3. Steve Jobs’ iPhone Launch – 2007

It’s hard to imagine that only ten years ago, Steve Jobs elicited gasps from his Macworld audience when he took out an iPhone, pulled up the desktop, and slid his finger across the screen to open the phone. (See it at 16:00 above.) It was the Big Bang of the mobile phone era, taking place at a time when app icons needed shadowing to remind people that they should be pressed like buttons. Jobs earned a reputation for showmanship over a career full of legendary presentations, but none were more impactful than this, the most historic hardware launch of the past 20 years.

To be clear, Steve Jobs probably never used PowerPoint in public. Apple’s own presentation software, Keynote, was developed at Jobs’ request, to his specifications, for use in his keynote speeches. (Only after making it for him did Apple decide to release it to the public.) Still, that software was developed over a decade after PowerPoint had first established the baseline for presentation slideshows. Apple Keynote may be an improvement to some users, but it is undeniably a part of PowerPoint’s legacy.

2. Colin Powell at the UN – 2003

On February 5, 2003, US Secretary of State Colin Powell presented evidence to the UN Security Council that Saddam Hussein, the leader of Iraq, had not complied with UN Security Council Resolution 1441 to disarm his country’s weapons of mass destruction. In a presentation that ran over an hour, Powell attempted to prove that not only had Iraq failed to account for weapons it was believed to possess, but that US and foreign intelligence had observed it developing new weapons.
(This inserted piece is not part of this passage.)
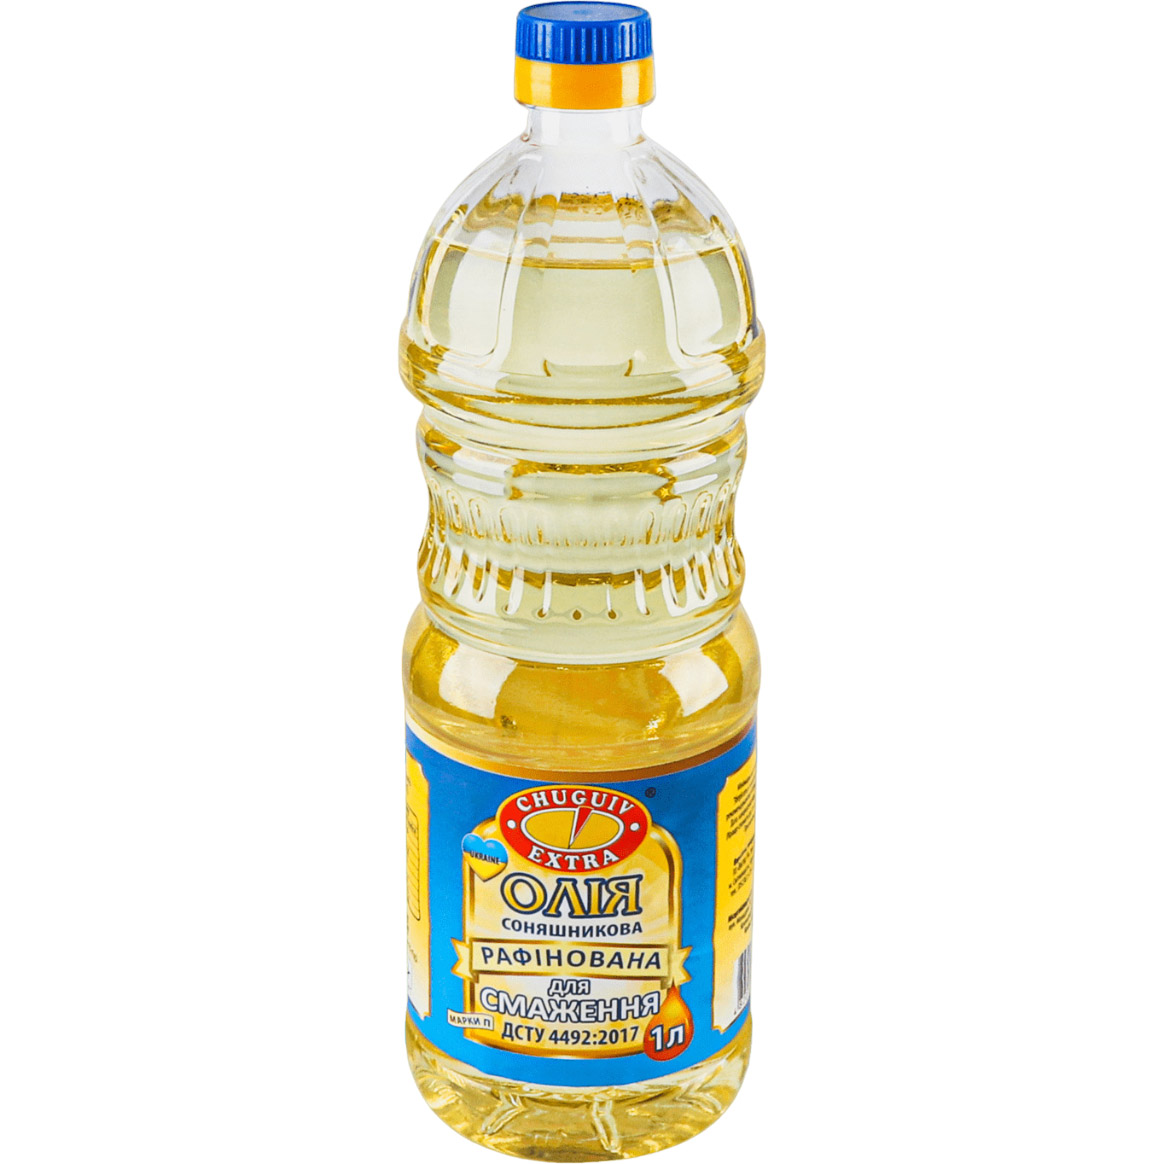 Масло подсолнечное Chuguiv Extra для жарки 1 л (921298) - фото 1

The speech largely reasserted arguments made by President George W. Bush in a recent State of the Union, but the evidence Powell showed the UN seemed new, authoritative, and ominous. With the help of a vial of faux anthrax (26:30 above) and a PowerPoint that displayed diagrams, satellite photos, and transcribed communications, Powell conveyed the intelligence community’s purported conclusion that Iraq posed a threat to the international community. The presentation didn’t convince the Security Council of the need for military action, but for its role in publicly hardening the case for the Iraq War, Powell’s speech—which he later disavowed—stands as one of the most infamous presentations ever delivered.

1. An Inconvenient Truth – 2006

Al Gore delivering his slideshow presentation

The only slideshow ever to win an Academy Award did more than just excite Hollywood. Davis Guggenheim’s 2006 documentary An Inconvenient Truth also marked the moment that “climate change” first penetrated the culture en masse. According to Google Trends, the term ‘global warming’ was searched more in the wake of the film’s release than any time before or after.

This famous presentation wasn’t just delivered in front of cameras, either. Gore toured the world with his ever-morphing Apple Keynote file, adding and subtracting and conforming his presentation to specific audiences. For endurance, for visibility, and for cultural impact on a topic of immense importance, Gore’s presentation stands as the most influential slideshow presentation ever delivered.